Here are some interesting conjectures I would like to prove. For all positive integers $a=bc,m,n$ the following expressions are integers:
$$c\sum_{k=1}^{am}k\left\{\frac{kbn}{am}\right\}$$
$$\frac{1}{c}\sum_{k=1}^{bm}k\left\{\frac{kan}{bm}\right\}$$
where $\{x\}=x-\lfloor x\rfloor$ denotes the fractional part operator.
Can anyone prove these?
The statement is not true as long as the following code is valid for small $b,c,m,n$ (arithmetic errors, etc.):
pastebin c++ code
It outputs lots of counter-examples for both formulas.
Though your original formula (multiples of $6$) from your deleted question, seems to be true.

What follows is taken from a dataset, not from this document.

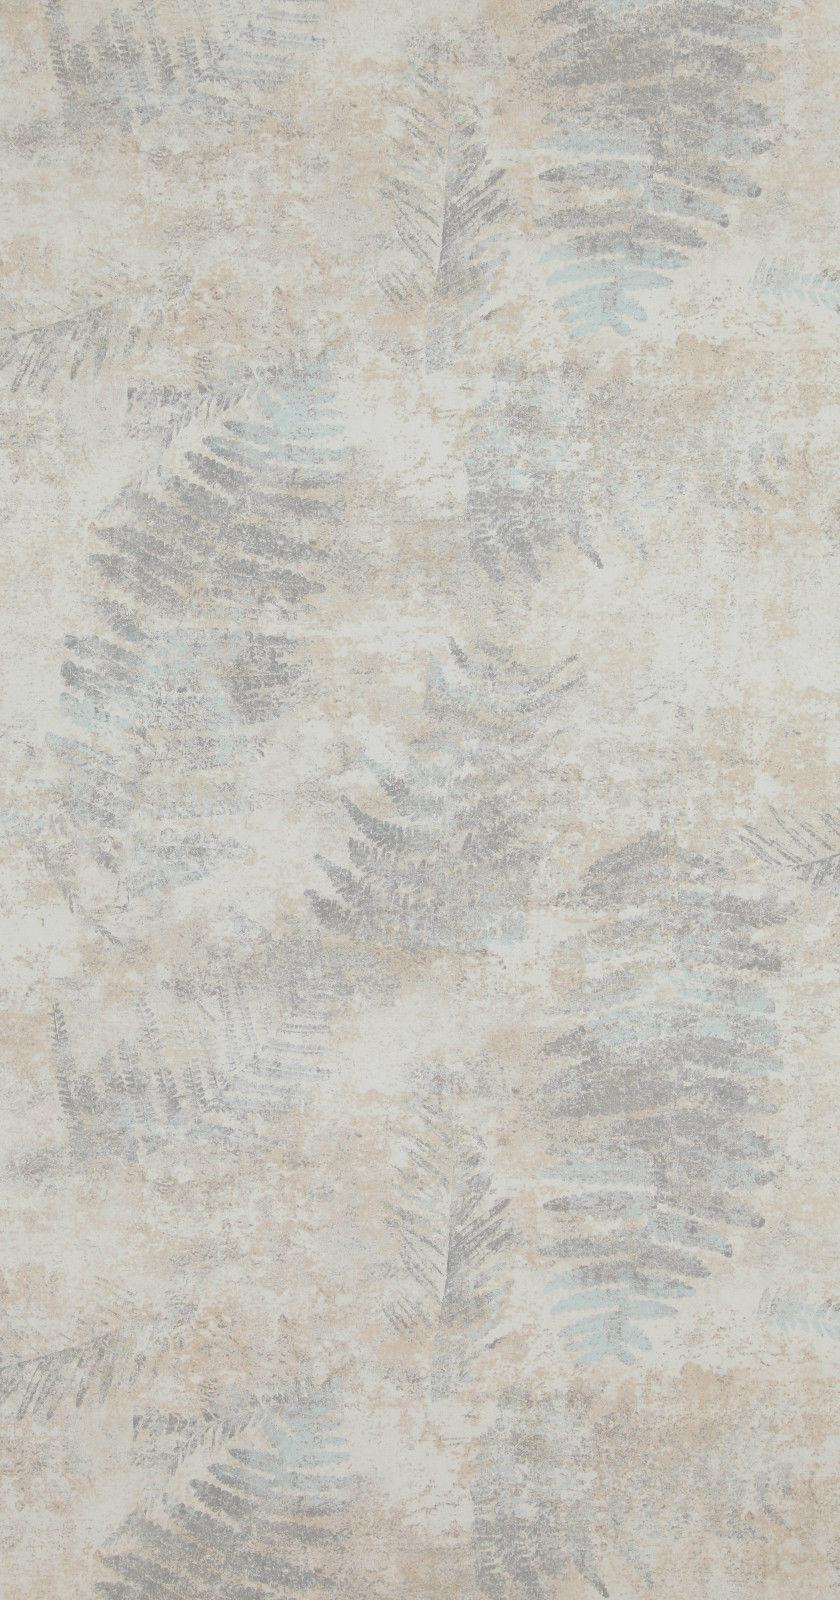 vlies tapete stein beton bl tter zweige creme beige grau t rkis 218450 kaufen bei joratrend e k. Black Bedroom Furniture Sets. Home Design Ideas
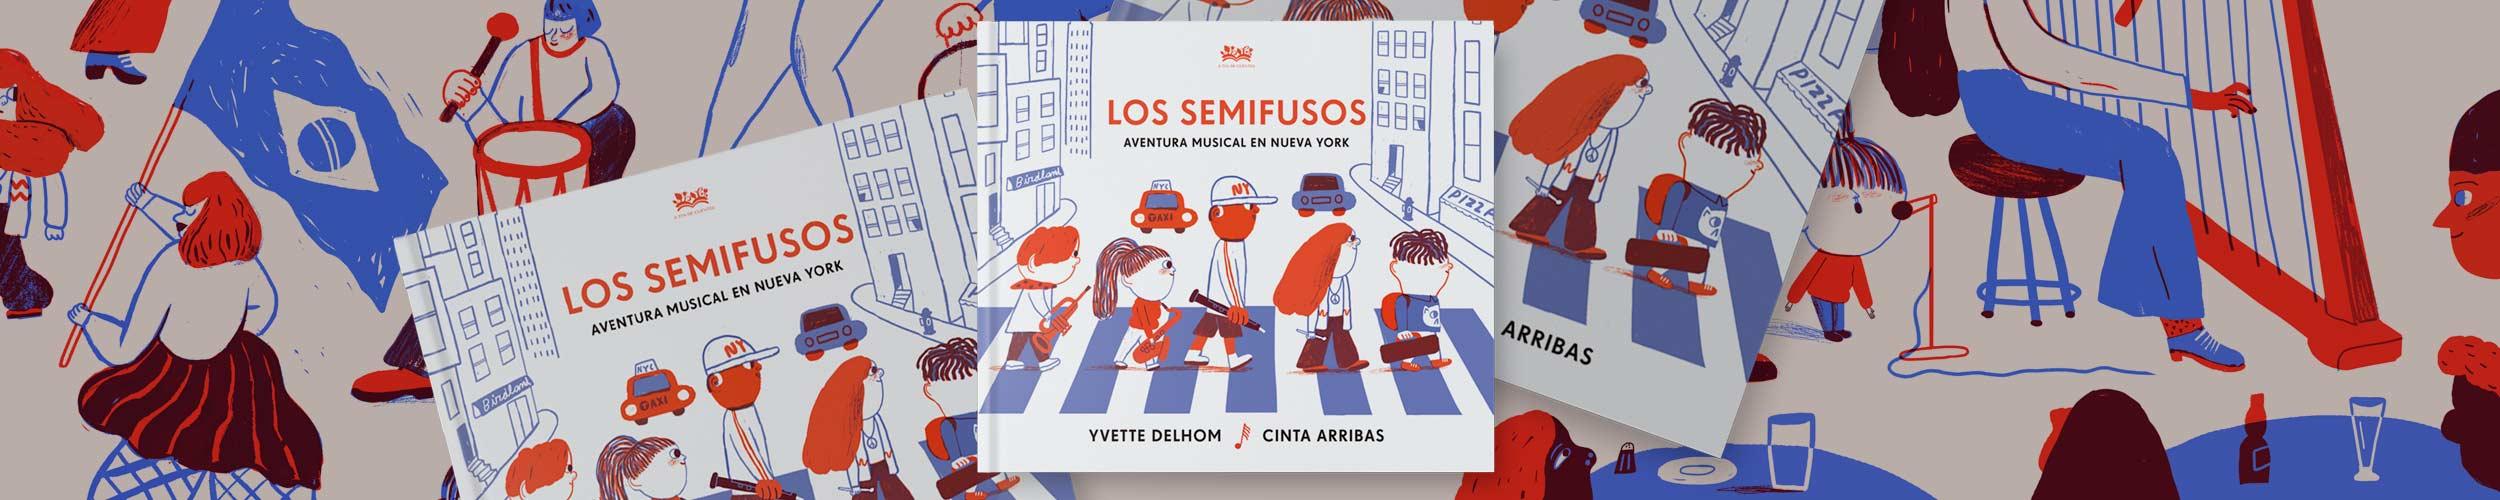 Los Semifusos - A fin de cuentos

First counter example of formula one (according to code) is $(b,c,m,n) = (1,1,2,1)$. On paper we have: $$ c\sum_{k=1}^{am}k\left\{\frac{kbn}{am}\right\} = \\ 1\cdot \sum_{k=1}^2 (k \cdot \left\{\frac{k}{2}\right\}) = \\ 1\cdot \{\frac{1}{2}\} + 2\cdot\{\frac{2}{2}\} = \\ \frac{1}{2} $$ There's a counterexample, QED.